**Exercise instructions:**
Your output must be the lines below from the line containing "plakat koncertu Sariusa" to the line containing "Fotografie - Protein", both lines included, reproduced exactly and without pictures.
++++ Input
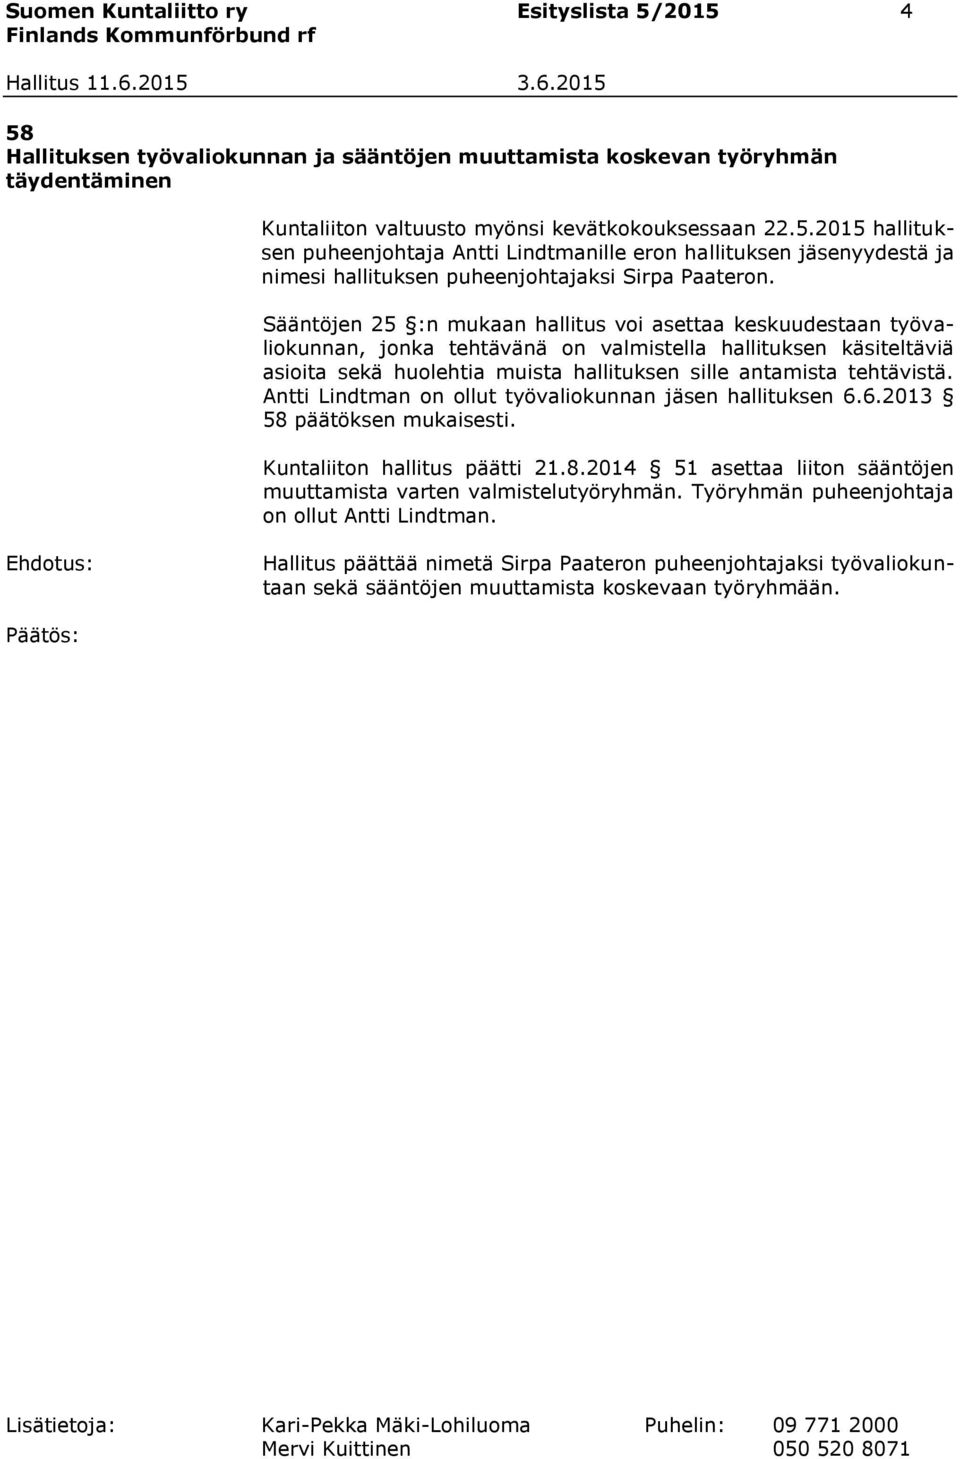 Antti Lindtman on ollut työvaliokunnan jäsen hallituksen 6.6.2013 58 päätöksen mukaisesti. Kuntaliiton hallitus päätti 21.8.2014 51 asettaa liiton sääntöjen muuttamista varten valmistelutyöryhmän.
++++++++
++++ Input
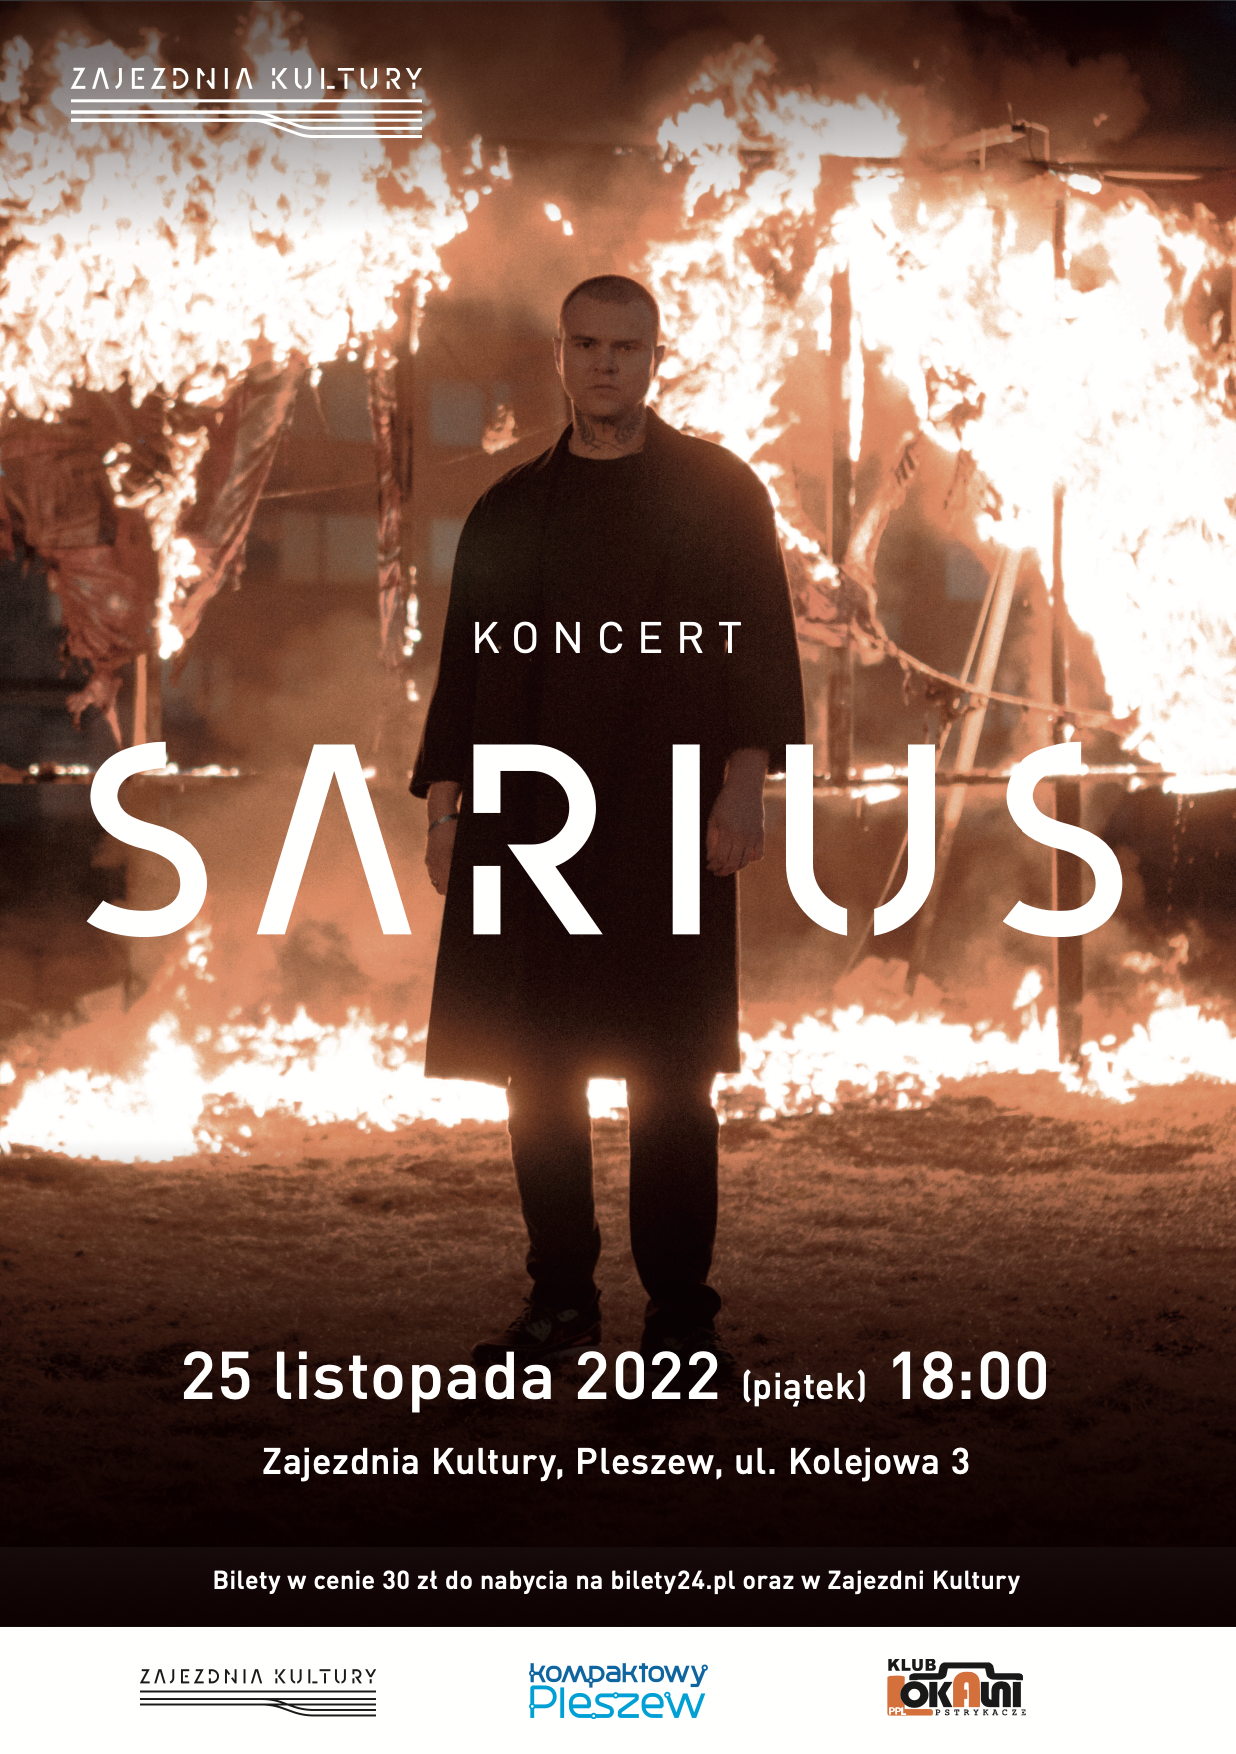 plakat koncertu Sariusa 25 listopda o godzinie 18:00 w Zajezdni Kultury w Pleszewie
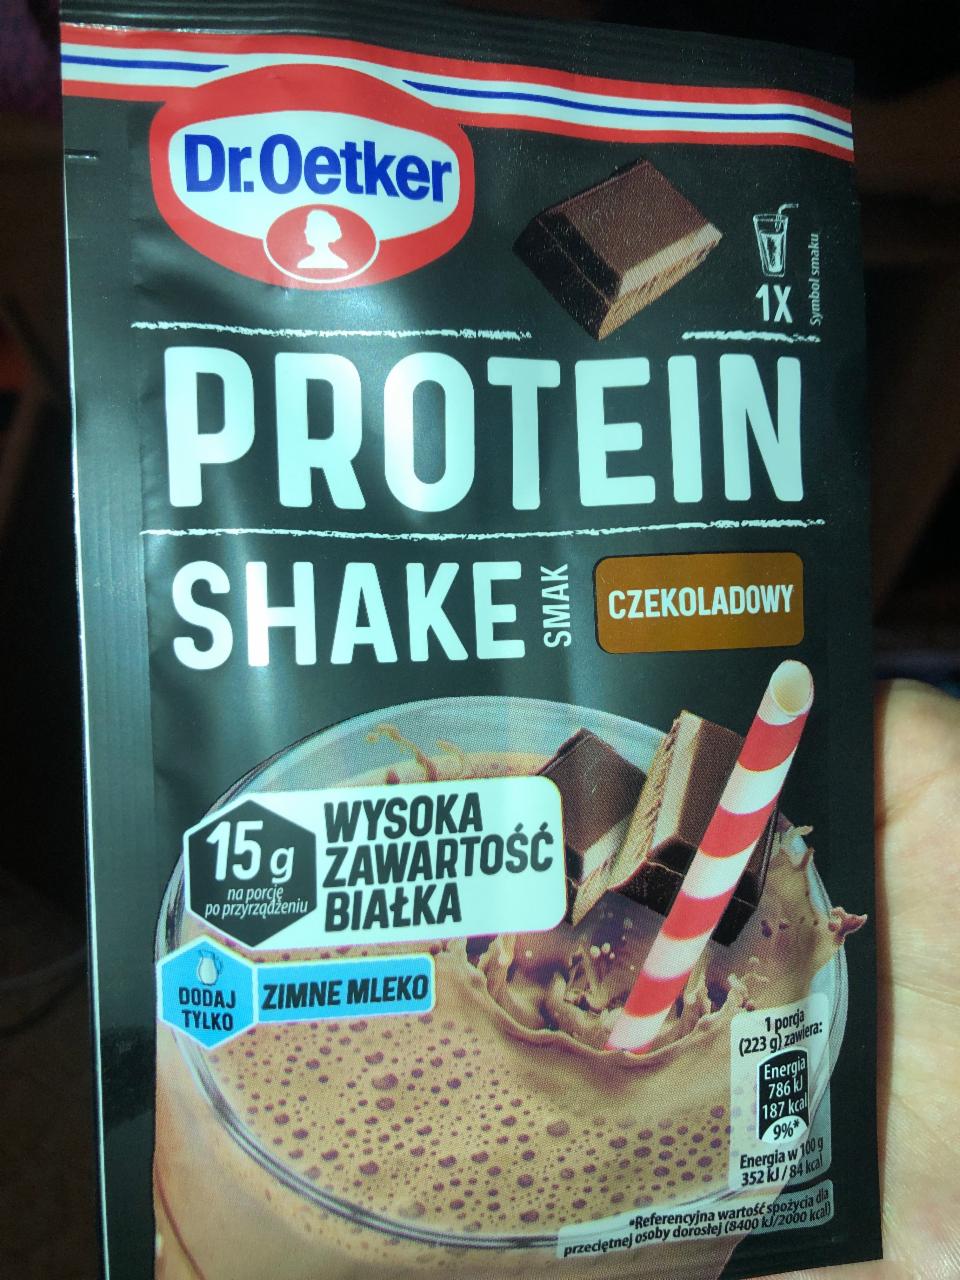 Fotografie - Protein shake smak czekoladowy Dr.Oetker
++++++++
**Expected answer:**
 plakat koncertu Sariusa 25 listopda o godzinie 18:00 w Zajezdni Kultury w Pleszewie
 Fotografie - Protein shake smak czekoladowy Dr.Oetker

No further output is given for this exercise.